JSF.USE.STATIC.NON_LOCAL

Assuming that non-local static objects, in separate translation units, are initialized in a special order shall not be done.

Rationale

Order dependencies lead to hard to find bugs.

Vulnerability and risk

The order of initialization for non-local static objects may present problems. For example, a non-local static object may not be used in a constructor if that object will not be initialized before the constructor runs. At present, the order of initialization for non-local static objects, which are defined in different compilation units, is not defined. This can lead to errors that are difficult to locate.

Mitigation and prevention

The problem may be resolved by moving each non-local static object to its own function where it becomes a local static object. If the function returns a reference to the local static object it contains, then clients may access the object via the function without any of the initialization order problems. Note that the function can be inlined to eliminate the function call overhead. Alternately, one might consider allocating objects in a memory pool or on a stack at startup.

Example 1

Copy
  // file 1
  static int32 x = 5;
  // file 2
  static int32 y = x + 1; // Bad assumption. The compiler might not have initialized
                          // static variable x.

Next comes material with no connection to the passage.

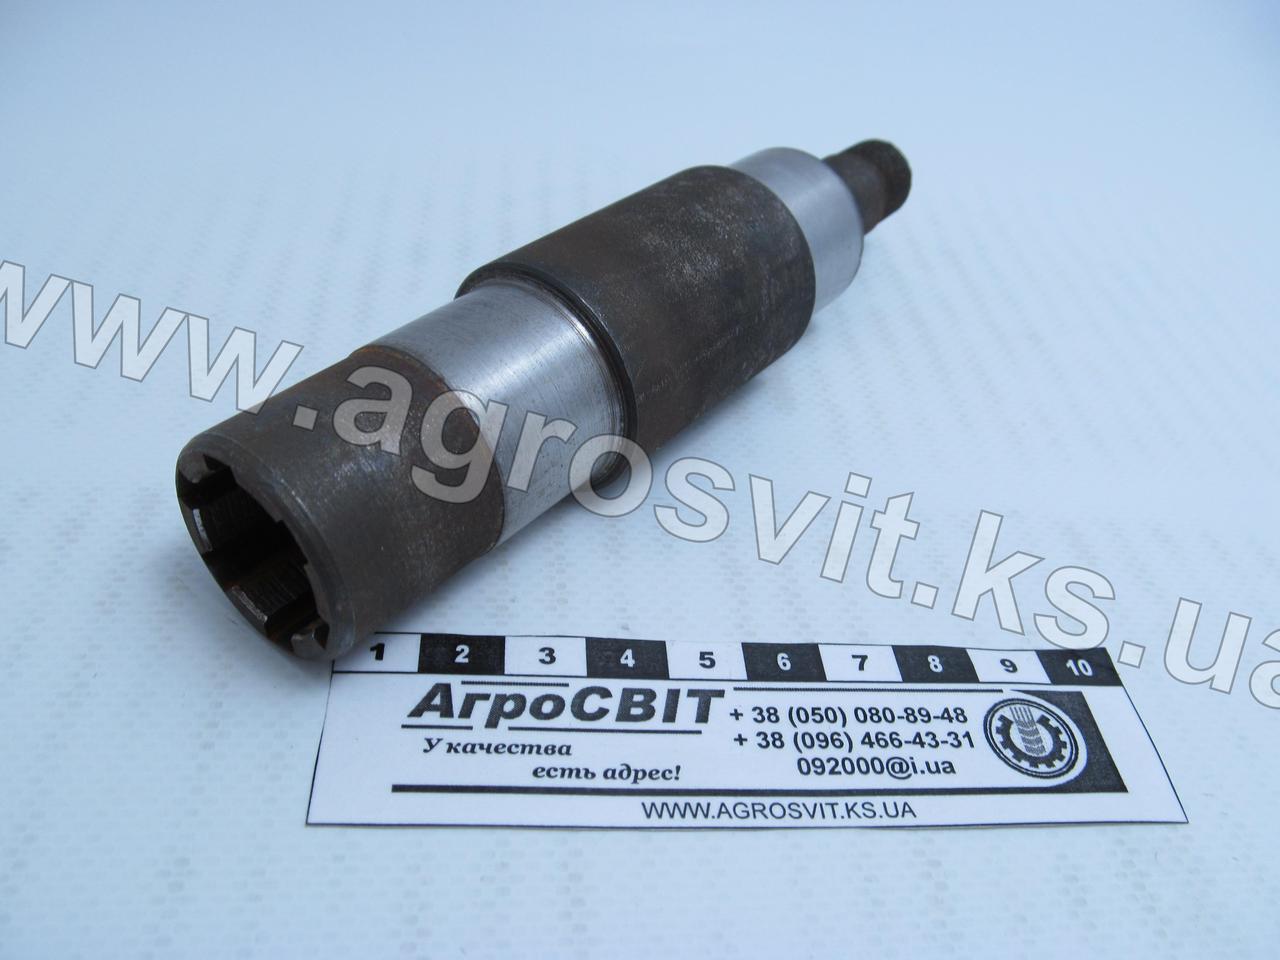 Втулка привода НШ-32 / НШ-50 (под подшипники)
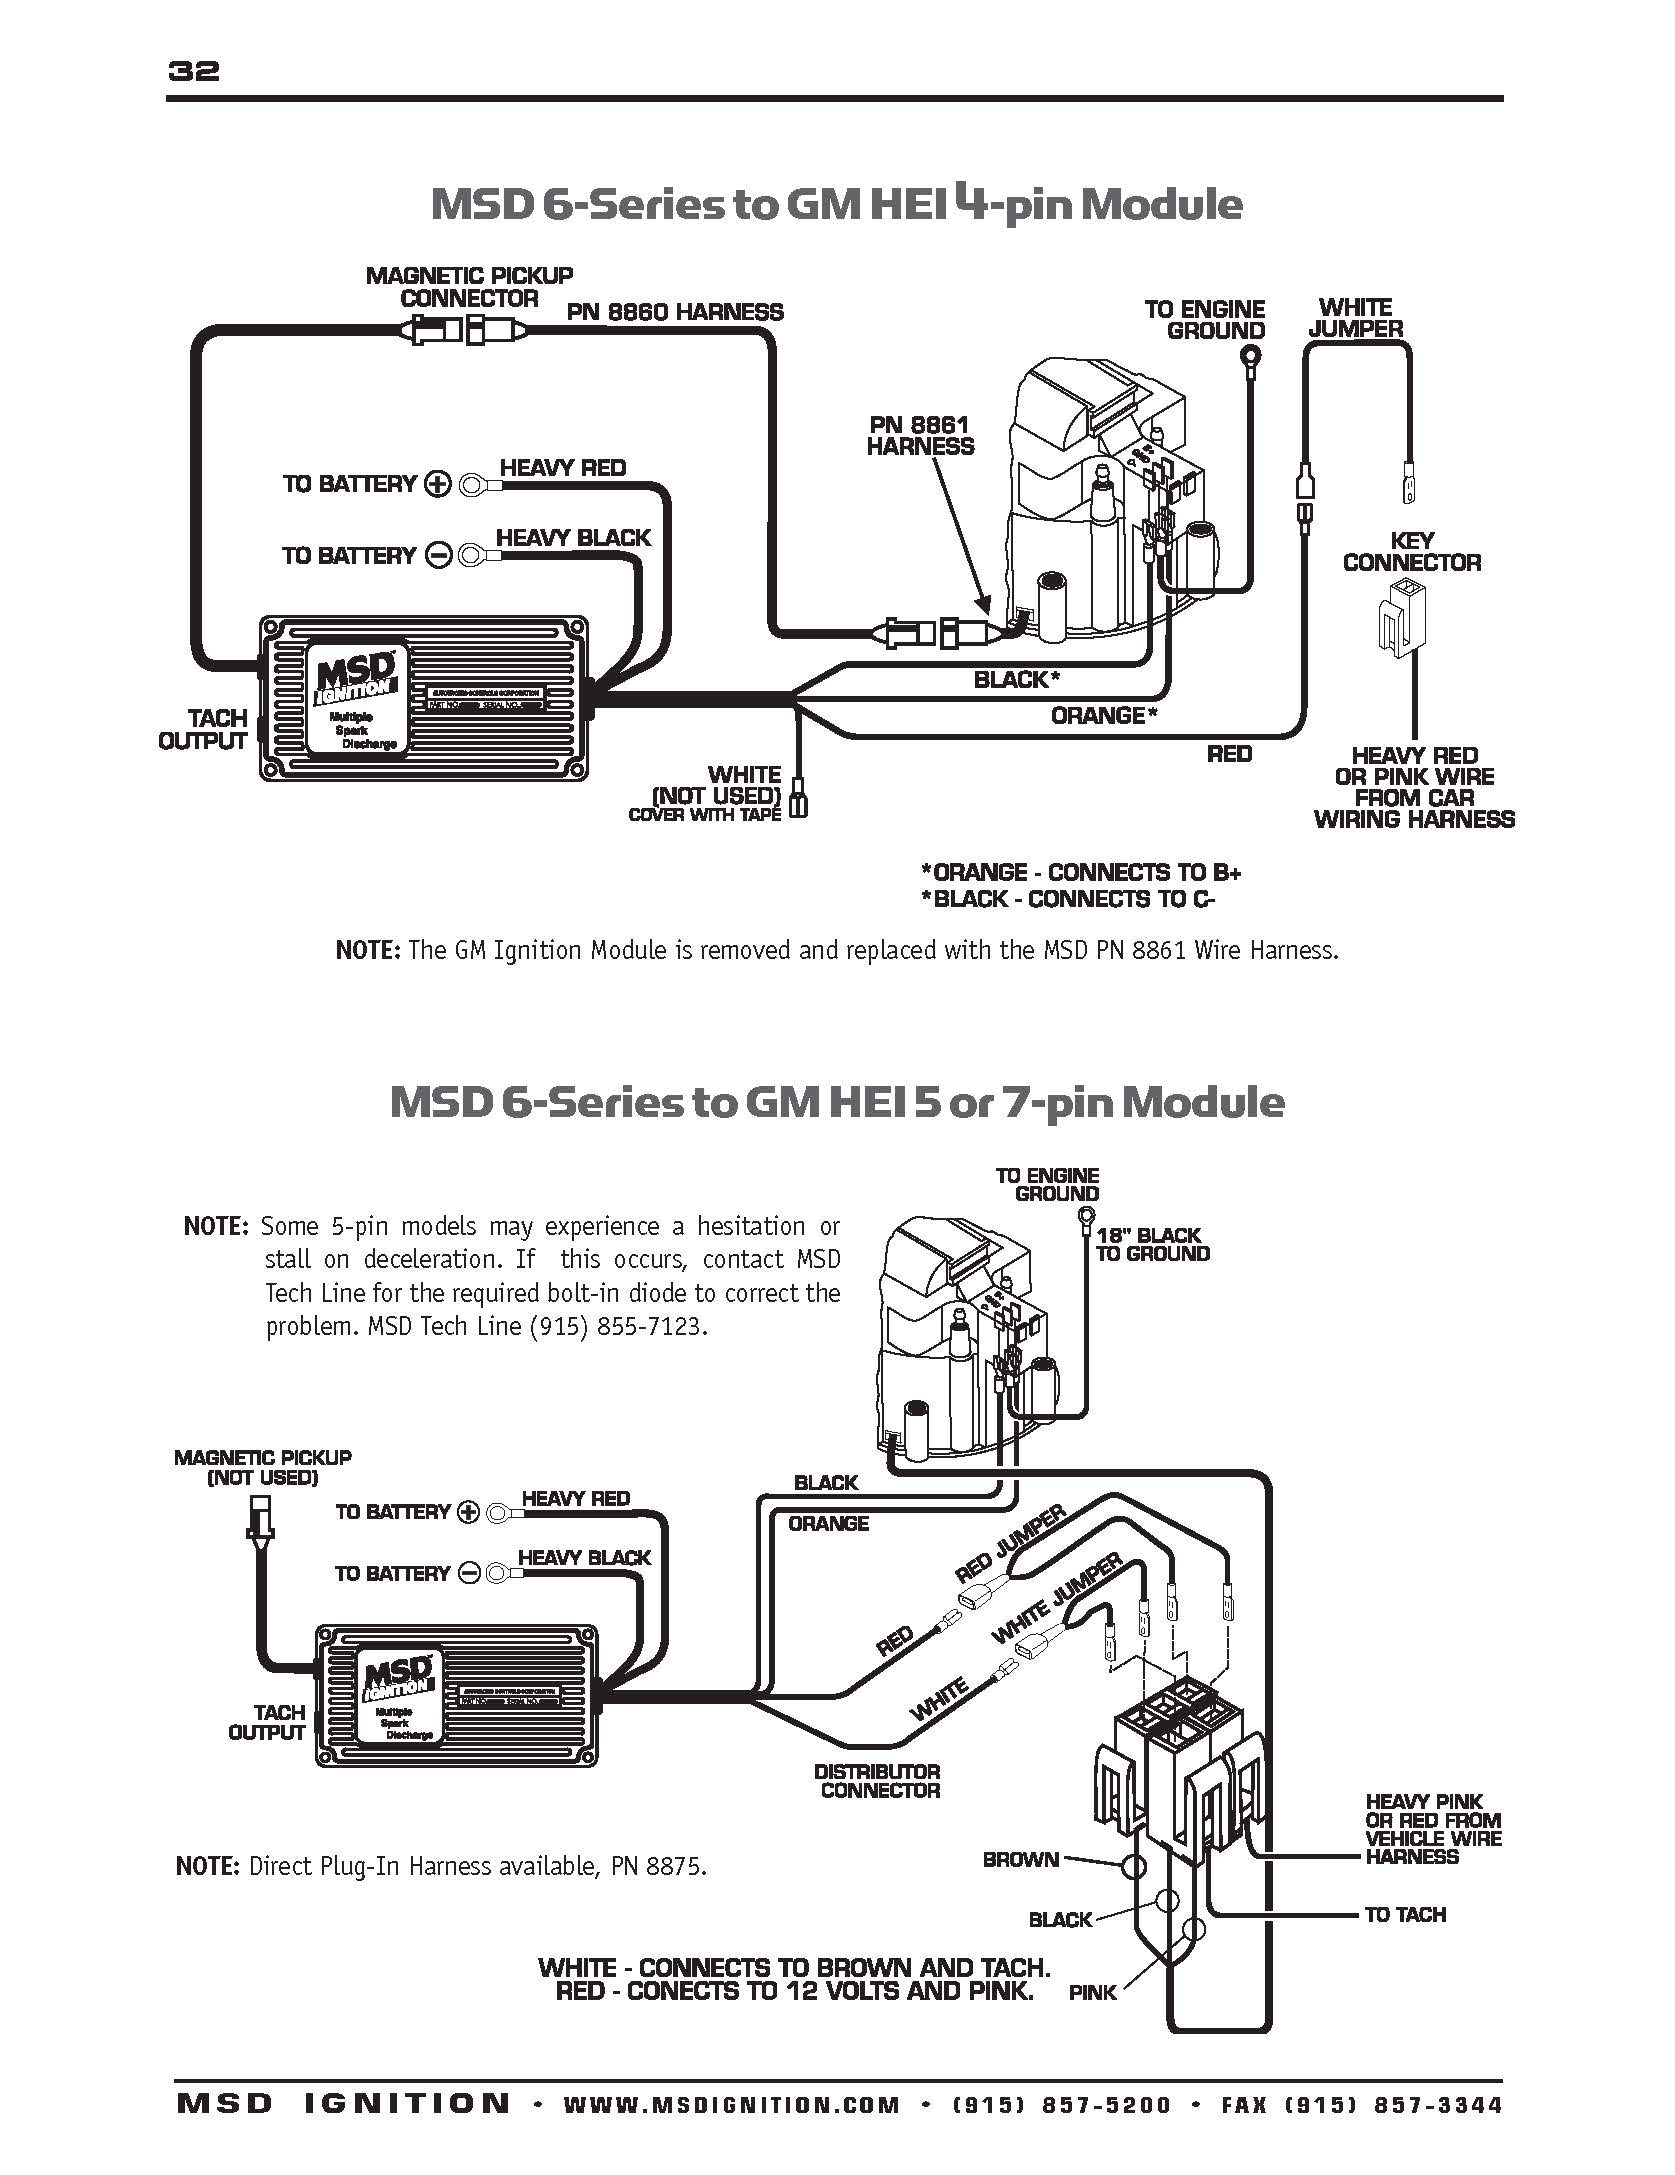 msd tach adapter wiring diagram 3 1 kenmo lp de \u2022msd 6al wiring chevrolet wiring diagram online rh 16 18 lightandzaun de msd 8920 tach adapter wiring diagram 8910 eis msd tach adapter wiring diagram

The solution is to substitute static local objects for static non-local objects since the creation time is precisely defined for static local objects: the first time through the enclosing function.

Example 2

Copy
  inline Resource& the_resource()
  {
      static Resource r;
      return r;
  }

Now clients may at any time reference the Resource object, r, as the_resource() without consideration for the order of initialization among r and any other similarly defined local static objects.